Well, your other option is to breed them to a very nice buck and just know that you will pull and bottle feed any babies that are worth keeping and market the rest.


----------



## RareBreedFancier (Oct 10, 2011)

That's a great idea. 

I did intend to put the wethers in the freezer anyway so letting them raise anything I don't want to keep and bottle raising any nice doelings is a good option.


----------



## daisychick (Oct 10, 2011)

Breeding to a really good quality dairy buck could give you some good dairy type doelings to keep and spoil so that you can have tame loving girls to milk next season.    Sounds like a good solution to me.


----------



## RareBreedFancier (Oct 10, 2011)

Yes, sounds _much_ better than fighting with crazy wild does! 
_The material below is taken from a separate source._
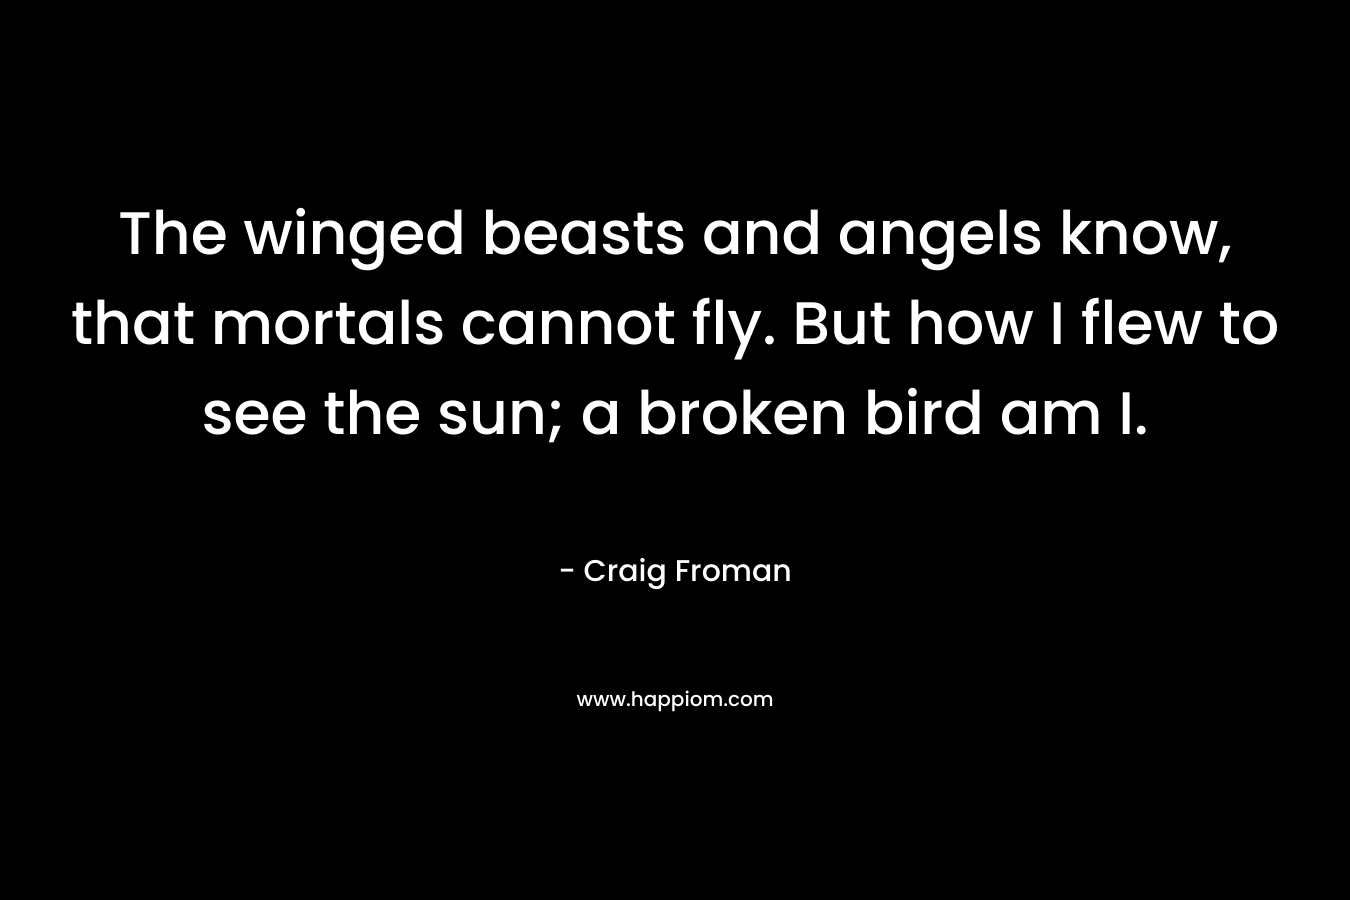 The winged beasts and angels know, that mortals cannot fly. But how I flew to see the sun; a broken bird am I. – Craig Froman

I did price CAE and JD tests recently as I was looking at ether buying a nice dairy buck or taking them on 'dates'. Unlike in the US I have to get the vet out to do the tests but it's still cheap insurance. If I buy a nice dairy buck and contaminate him it will be nearly impossible to sell him in the future and if I want to take them on dates they have to have their paperwork.


----------



## SuburbanFarmChic (Oct 10, 2011)

You have a good chance of getting something off of the clean doe and a fair chance off of the fish teat one.  A friend had a doe with a side nubbin on a teat and she always threw clean kids.  Another had a clean doe that out of 8 kids had 1 with an absolute fish teat. 


And you can freezer the unclean girls as well.


----------



## RareBreedFancier (Oct 10, 2011)

That's good to know, I sure hope I get at least one nice doeling out of these kids that are on the way now. 
Checked ligaments this morning and nothing exiting happening. Guess I'll keep waiting.


----------



## spanish goatee guy (Oct 12, 2011)

it makes it real tuff on small newborn to nurse and is areal pain for weak kids , just check your nannys  before you buy them  its more a boer trait ,


----------



## RareBreedFancier (Oct 13, 2011)

Thanks, I will be sure to check in future, only reason I didn't when I bought these is the breeder knew I wanted to milk them and said he'd specifically pick out two with good teats. That and they were completely wild. He had them waiting for me ready to load and I didn't want to stress them more because they were thoroughly freaked out already.

I'm hoping to be at the birth so I can watch and make sure the kids can nurse, if they can't I'll have to bottle raise them, I already have supplies ready for if I need them.
Edit: Checked ligaments again this morning and still nothing exciting happening. Still waiting.


----------



## Livinwright Farm (Oct 13, 2011)

As others have stated, yeah, split teats are not wanted if what you want are nice dairy animals. That said, however, Boer do just fine feeding their kids with multiple or even fish tailed teats. My friend has a Boer doe that has almost to seperate teats on one side, both teats on that side release milk, and the now single doeling(was triplets, but 2 were sold) has NO problems with suckling. In fact, that side is also the doeling's favored side of the udder.


----------



## RareBreedFancier (Oct 13, 2011)

Oh that's good.  Out of interest today I had a look at my buck and wether, the wether has two perfectly formed teats, the buck has two perfectly formed teats _on each side_. 

Oh well, guess that means I 'have to' buy a nice dairy buck, DH will be thrilled.


----------